**The data**:
--- START ---

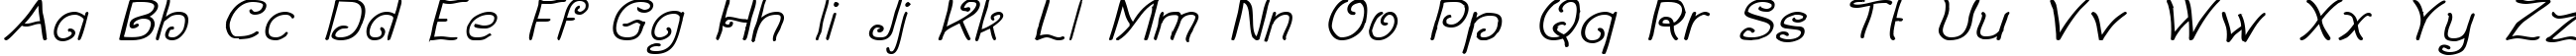 Пример написания английского алфавита шрифтом Curlmudgeon Italic
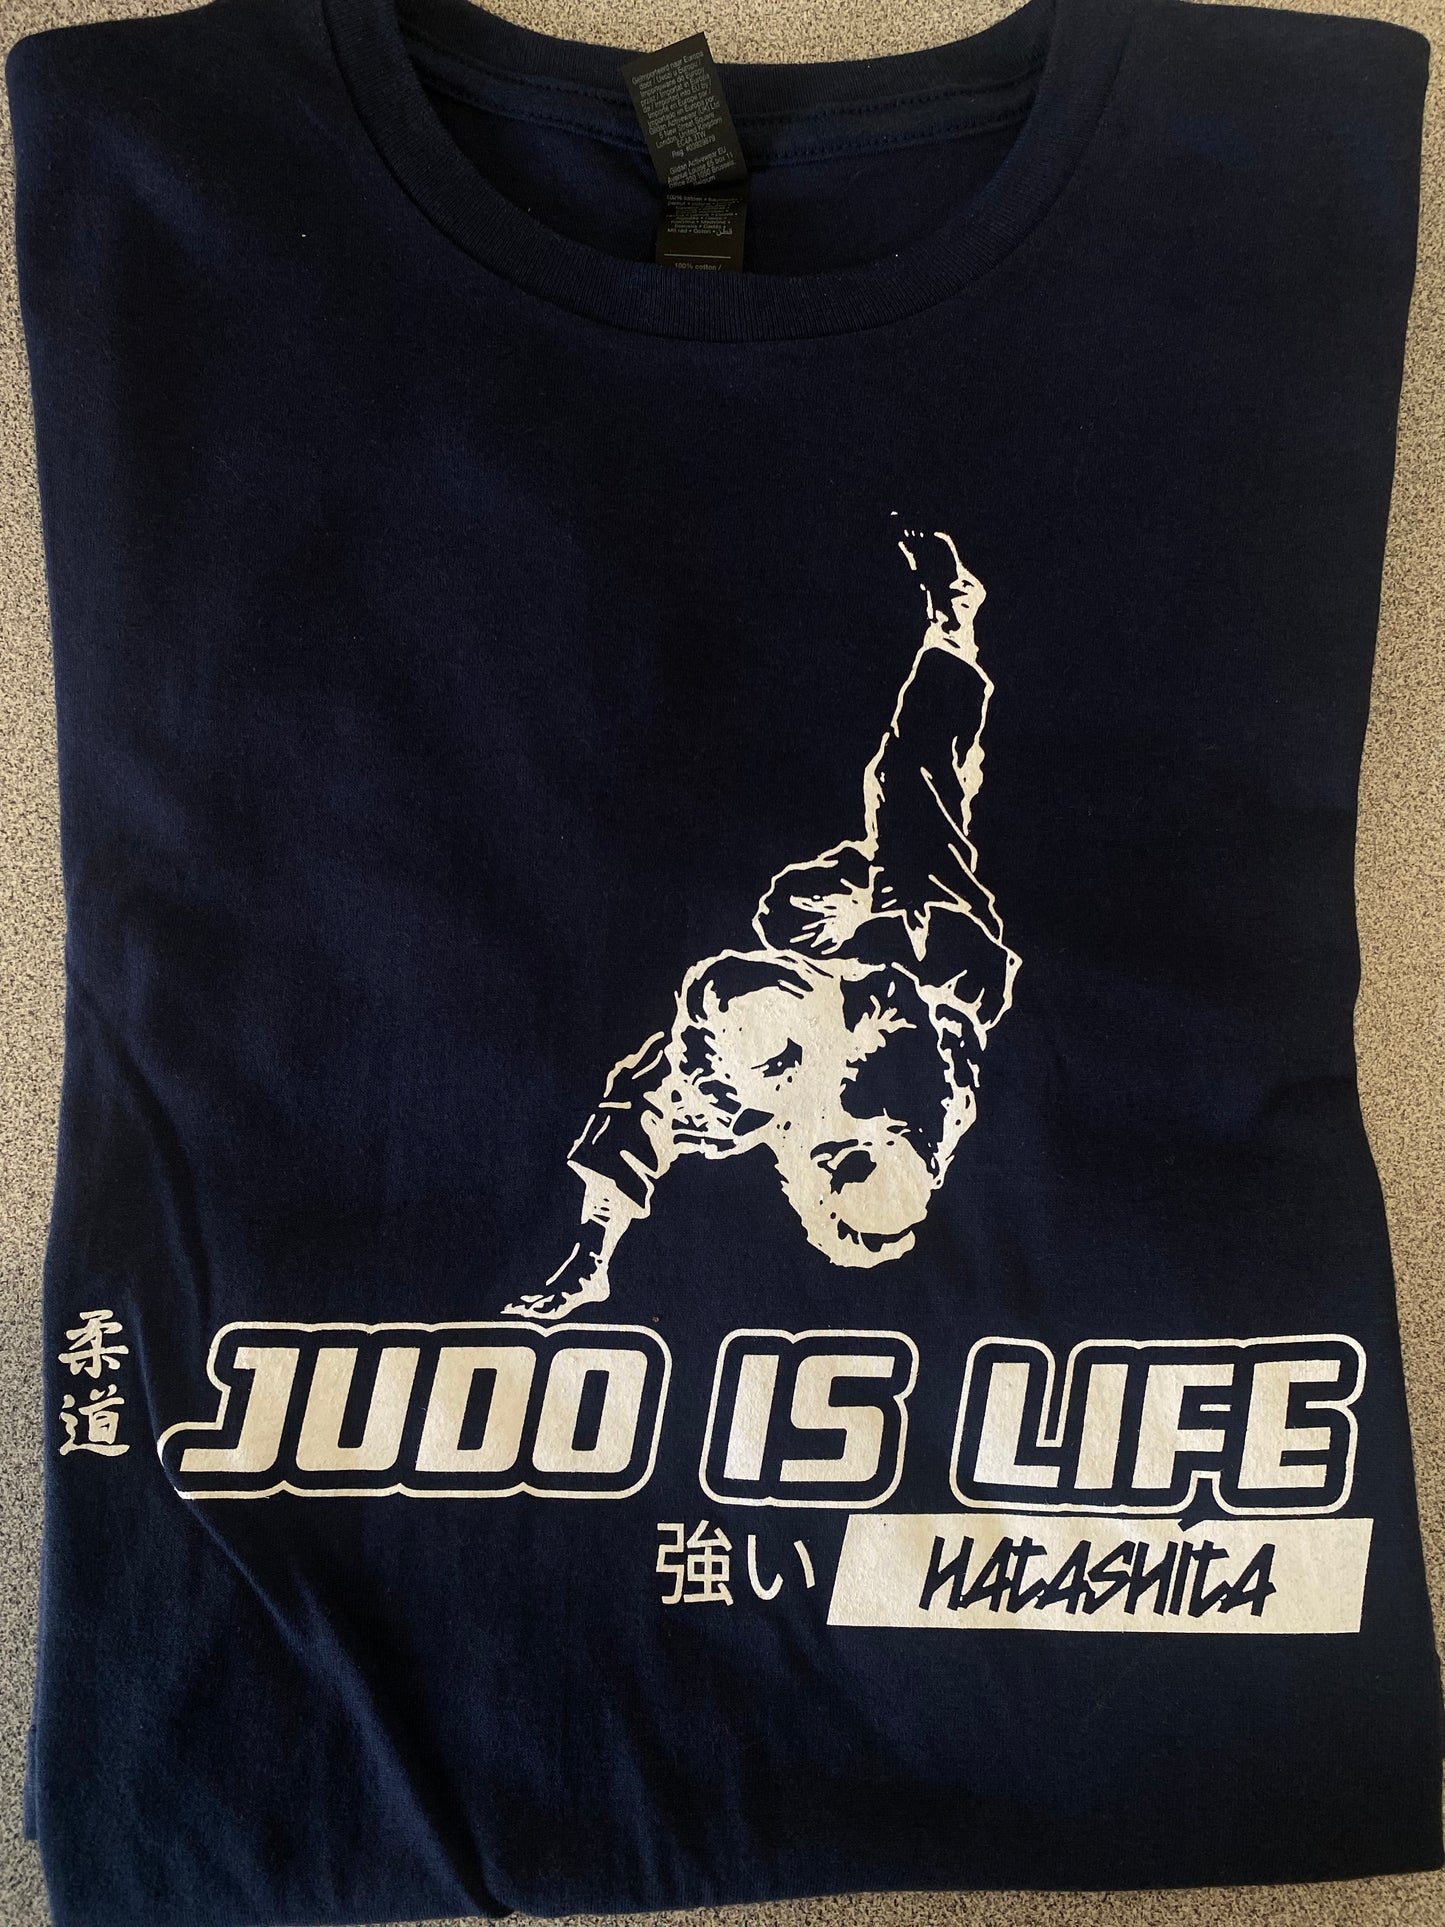 Judo is Life T-Shirt
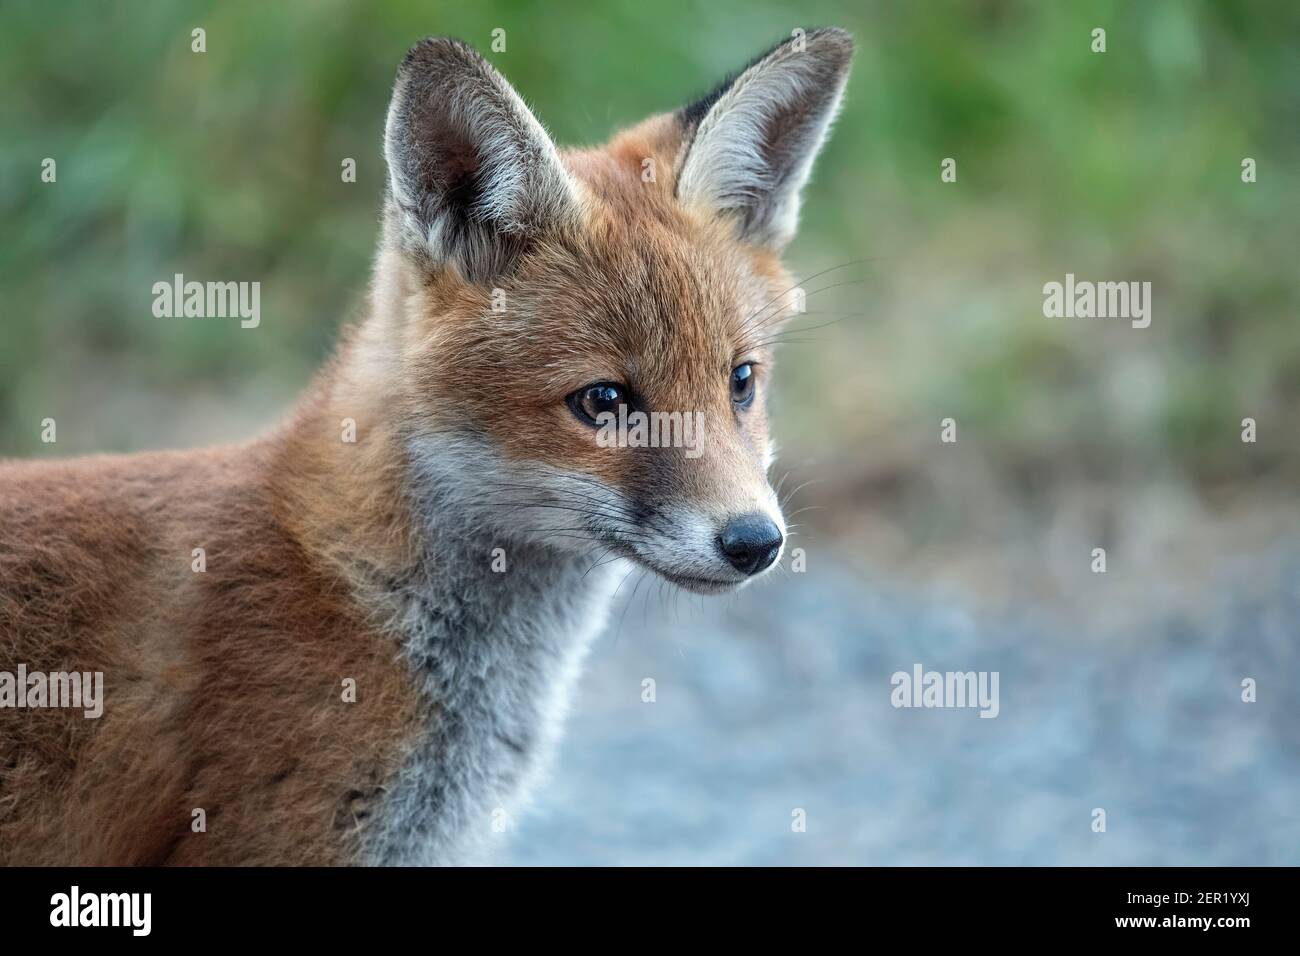 Fox cub, portrait, close up, in Scotland, u.k in the springtime Stock Photo
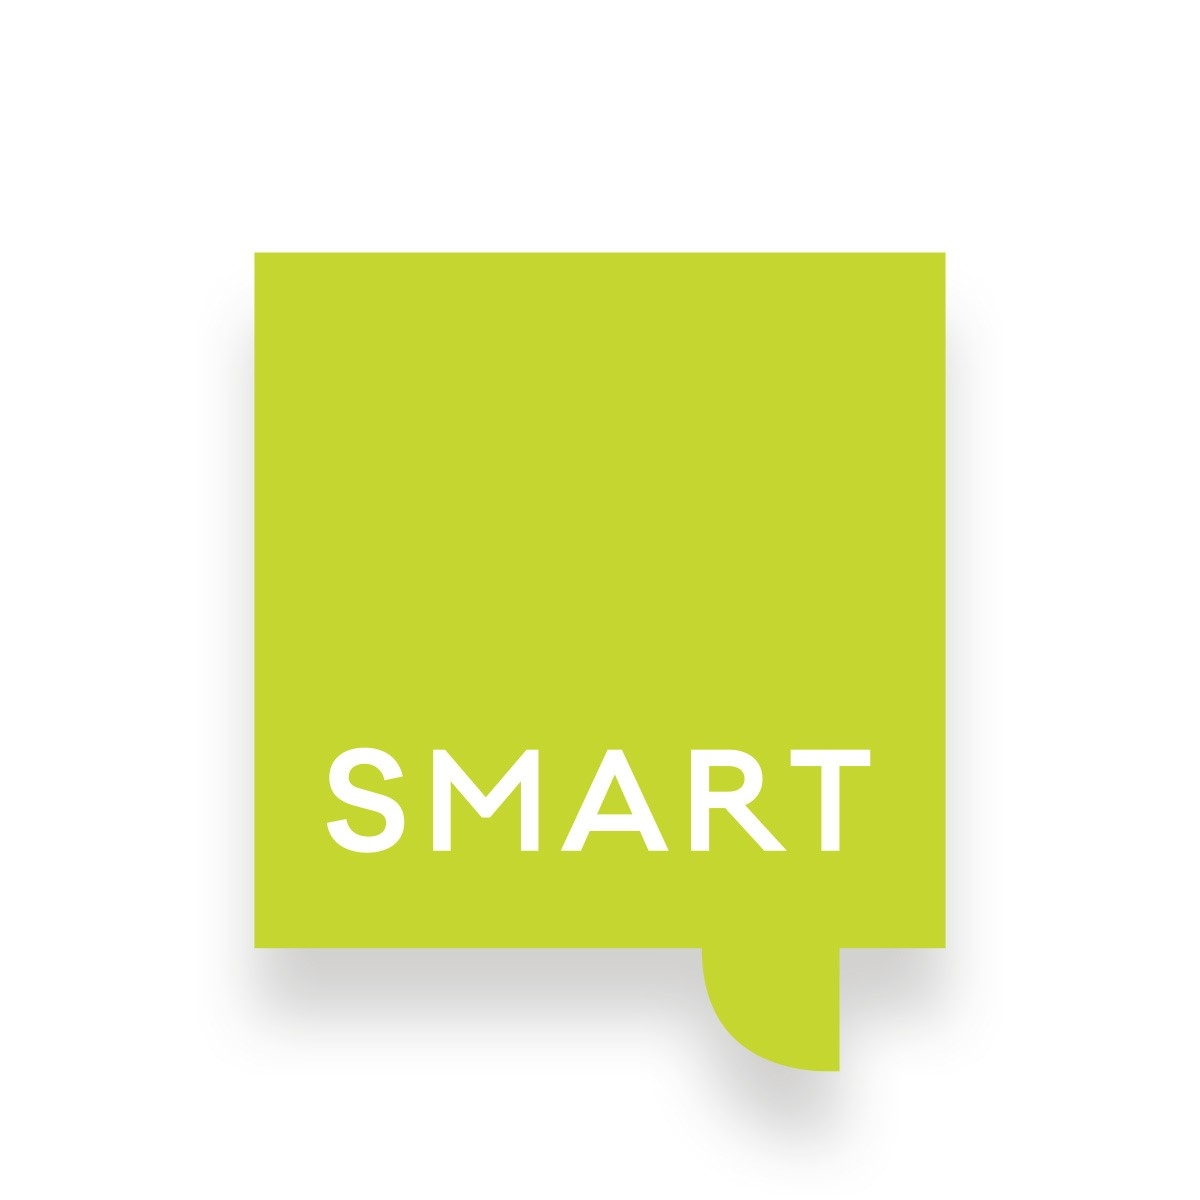 Logo SMART Immobilien GmbH

--- END ---

**Task**: Word for word, give the listing above again, but drop any pictures.

**The completed task**:
 Пример написания английского алфавита шрифтом Curlmudgeon Italic
 Judo is Life T-Shirt
 Fox cub, portrait, close up, in Scotland, u.k in the springtime Stock Photo
 Logo SMART Immobilien GmbH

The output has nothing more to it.